スパイスの効いたミートボールとトマトソースの甘みがよく合う。
肉汁も味わい深く、残ったソースにはホブスをまぶして綺麗にたいらげた。
遅めの昼食を済ませた後はサハラ砂漠の拠点となるオーベルジュまで向かう。
道は段々と荒野になる。真っ青な空に灰色のアスファルトと黄褐色の大地の単調な風景が延々続いてゆく。途中、ジュラーバを着たモロッコ人が孤独に歩いていたりすると、あの人はこの果てしない大地のどこに向かっているのか、帰る家はどこだろうかなど、車窓をぼんやり眺めながら考えたりした。

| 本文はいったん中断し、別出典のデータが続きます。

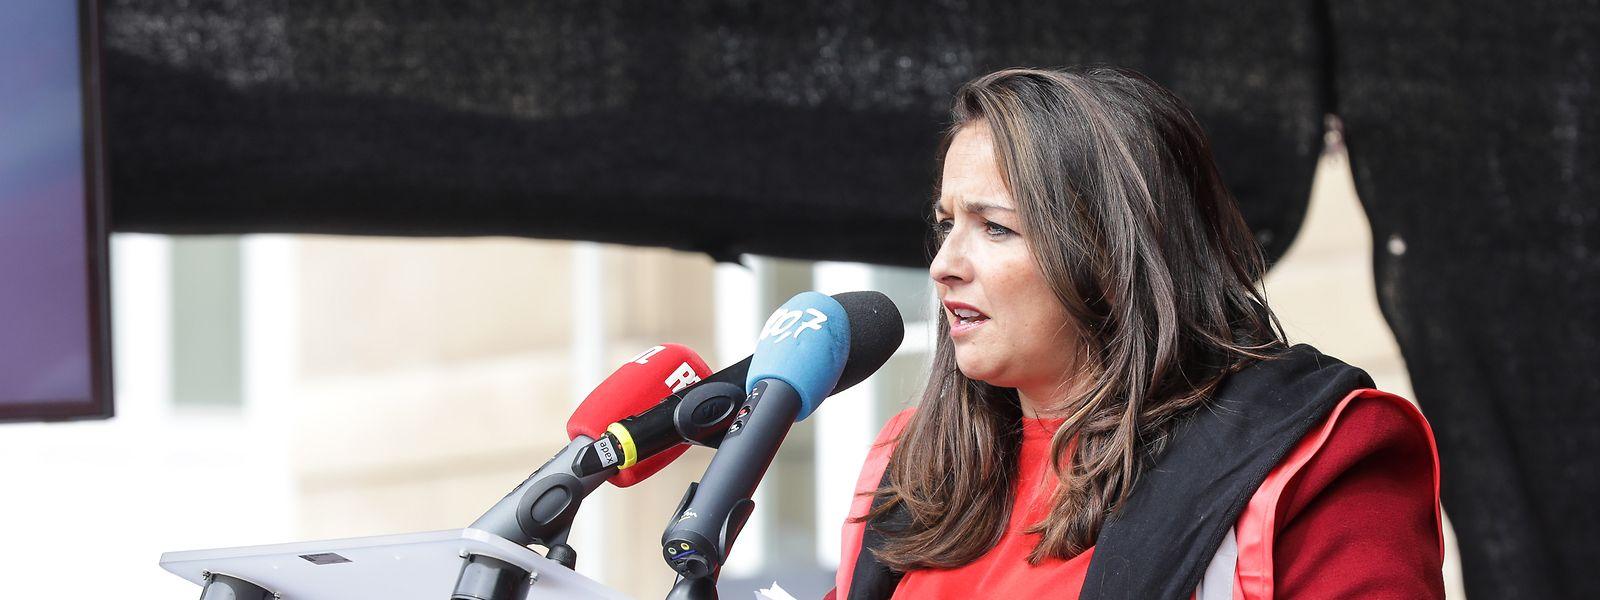 """OGBL-Präsidentin Nora Back warf der Regierung vor, den Sozialdialog in der Corona-Krise vernachlässigt zu haben. Statt echten Gesprächen habe es nur """"Alibiprozeduren"""" gegeben."""

退屈な景観にウトウトと微睡みはじめた頃、運転席のアマールの声で目が覚めた。“砂丘だ”
見るとフロントガラスの目の前に巨大な山が現れていた。
それは大地と同じく黄褐色で丘と呼ぶには小さく、正に山のようだった。
更に近づくにつれ、同じような高さの山が四方に現れ始めた。
僕は寝ぼけた頭で“山だろう”と聞くと、“いや、山じゃない。砂だ。”とアマールが素っ気なく答えた。
なんとそれは山ではなく、やはり砂だと言うのだ。これ程までに巨大な砂丘があろうか。
近づけば近づく程、大きくなり見上げる程の高さになった。言われてみればその黄褐色は砂が太陽に照らされて写った色だった。

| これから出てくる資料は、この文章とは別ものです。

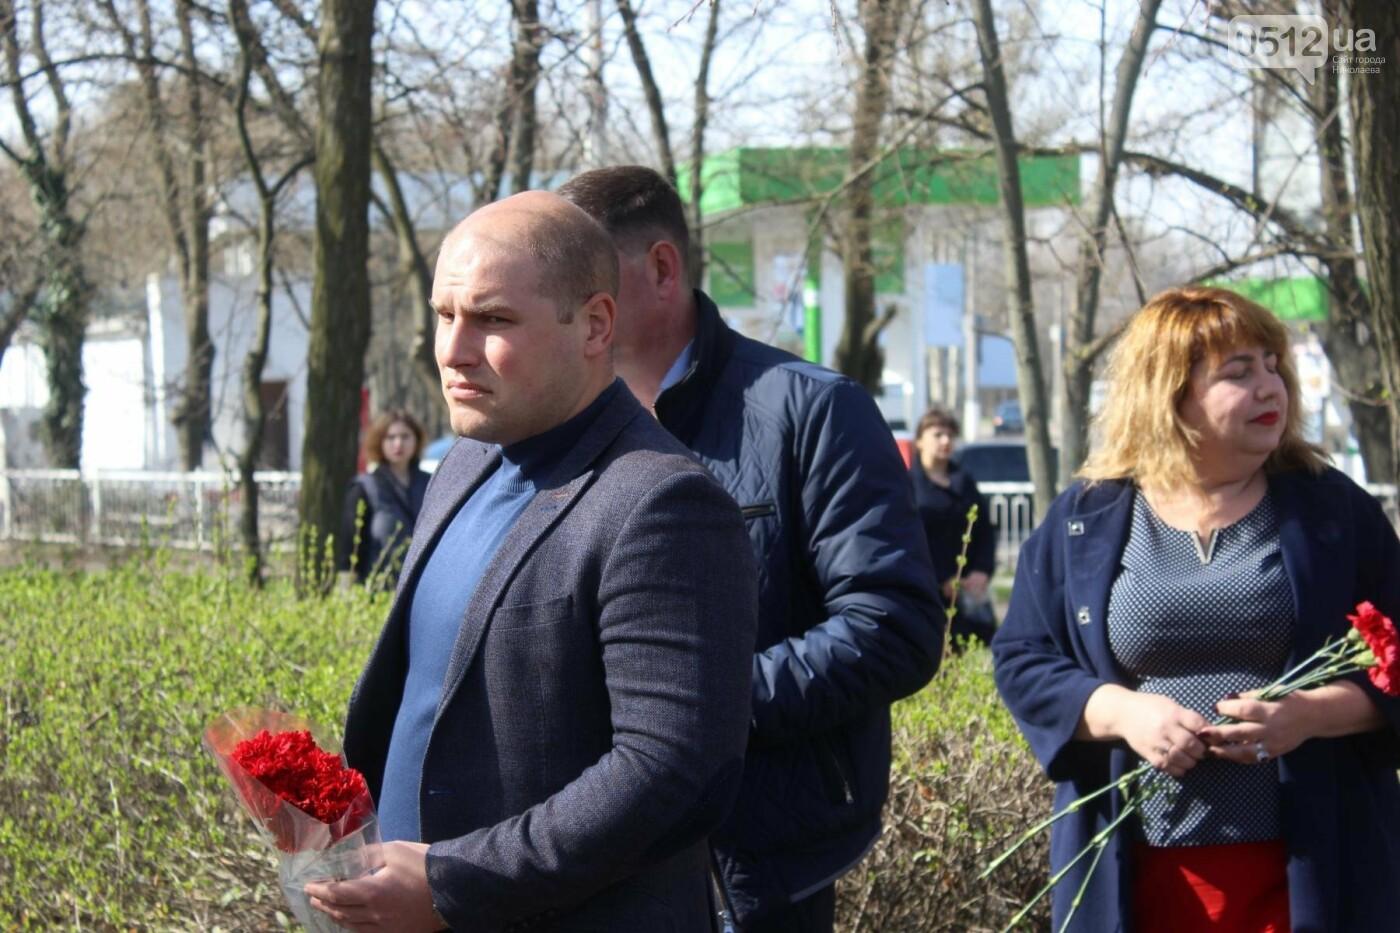 Николаевцы почтили память узников концлагерей, - ФОТО, фото-5

日本には鳥取砂丘があるが、高低差は90メートルらしい。サハラ砂漠の砂丘は高いものだとなんと150~200メートルもの高さになる為、その比ではない。改めて大自然の迫力を目の当たりにした。
オーベルジュに到着すると、ベルベル人の砂漠ガイドが出迎えてくれた。
砂漠のキャンプまではラクダで向かうという。待っていると、1組の老夫婦が現れた。
どうやら彼らとキャンプを共にするらしい。夫婦はフランス人でキャンピングカーでモロッコを巡っていた。夫のマルタンは人懐っこくやたら話しかけてくる。マダムは足が悪い為、杖をついていたが、まだまだ元気よ、と意気揚々だった。楽しいキャンプになりそうだ。
ラクダの準備が出来ると、3頭が連れられて来た。先頭のラクダがしゃがむと、ガイドが手招きした。少しコツがいるが足をかけてヒョイと乗るとラクダが立ち上がった。思いの外高さがある。2頭目にはマルタンが乗った。マダムは乗れないため、先にバギーでキャンプまで向かう事になった。ガイドが手綱を握ると出発である。

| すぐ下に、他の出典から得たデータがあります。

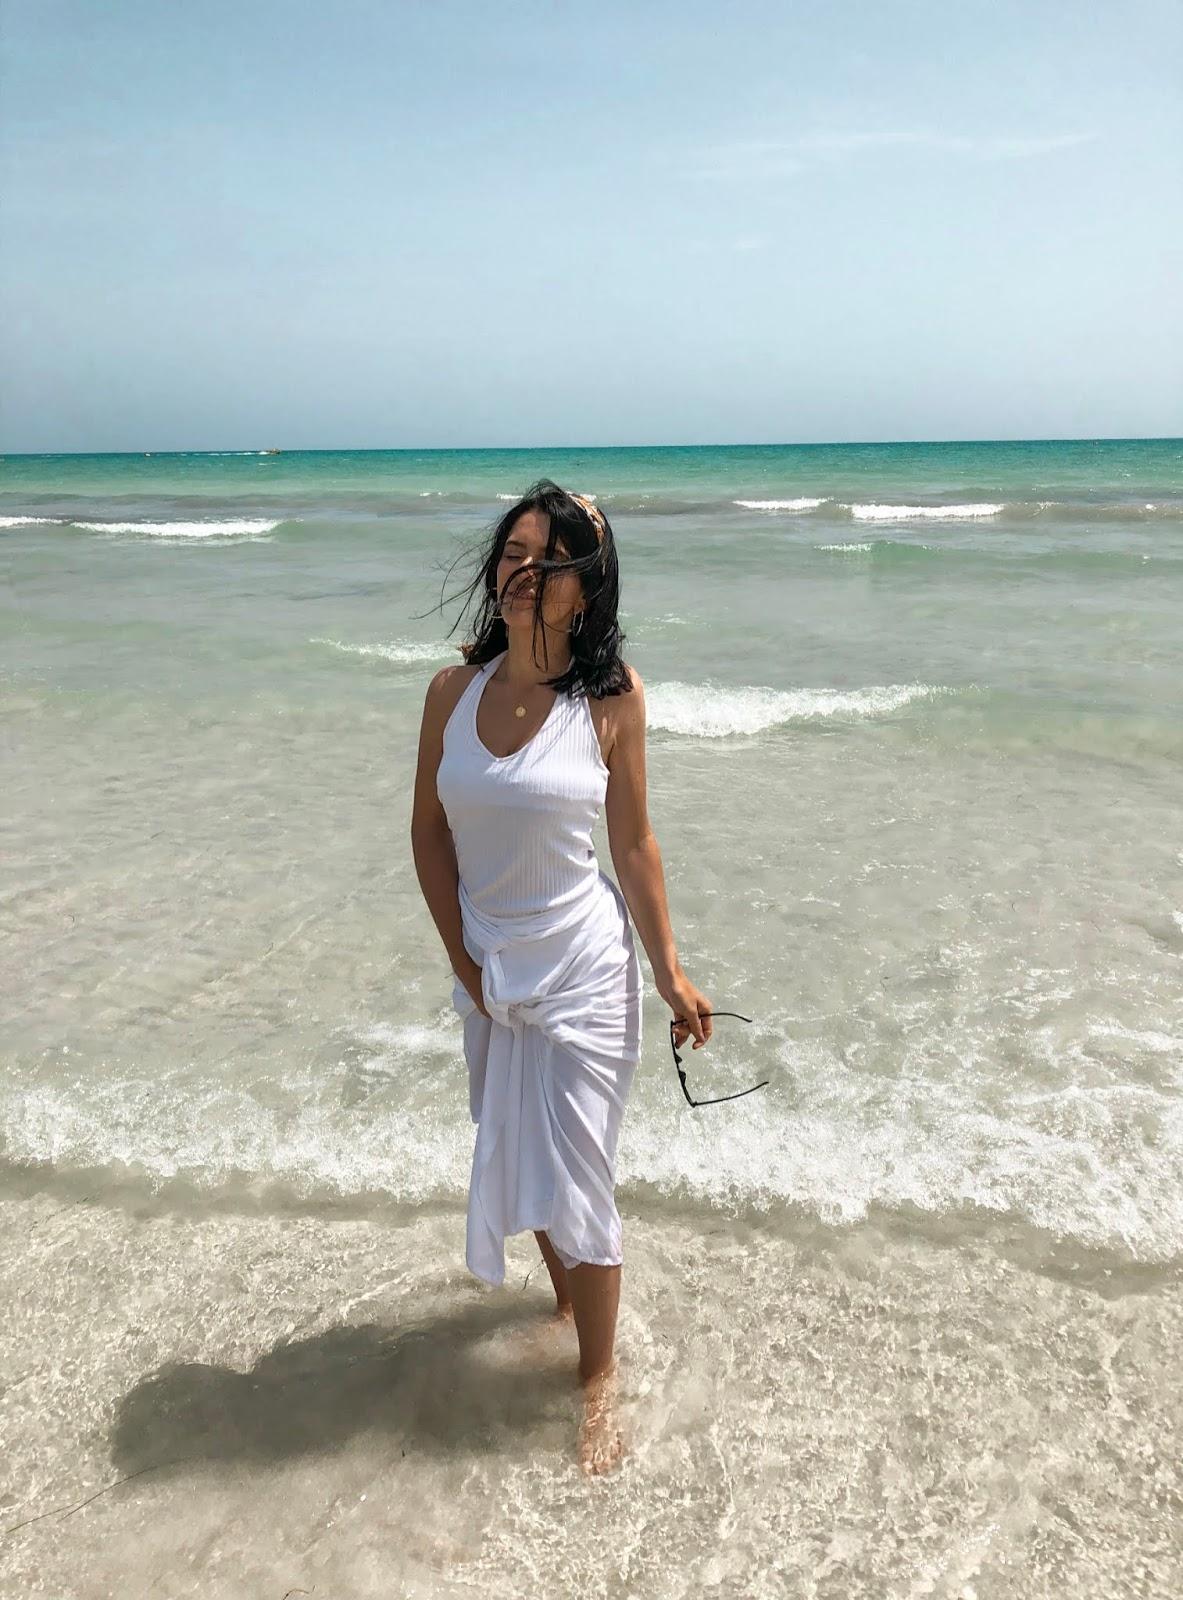 djerba wyspa, egzotyczna wyspa, plaże na djerbie, plaże w tunezji, wakacje na djerbie, wakacje tunezja, wyspa dżerba,

目の前に広がる広大な砂漠は褐色の色を放ち異世界のような空間を作り出しているようだった。
この世界には音がない、風もなく、ただラクダが砂を踏み締める小さな音が微かに耳に響くだけ。芒漠とは正にこの事で、地平線のはるか彼方まで砂漠地帯が広がっていた。
風で造り出された砂の波は大地に陰影を作り茶色と黒の模様を幾重にも織りなしていた。
砂漠と聞くと灼熱の太陽を思い起こすが、熱波とゆう程の事もなくじっとりとシャツを湿らせる程度。ラクダの揺れも相まって不思議と心地よかった。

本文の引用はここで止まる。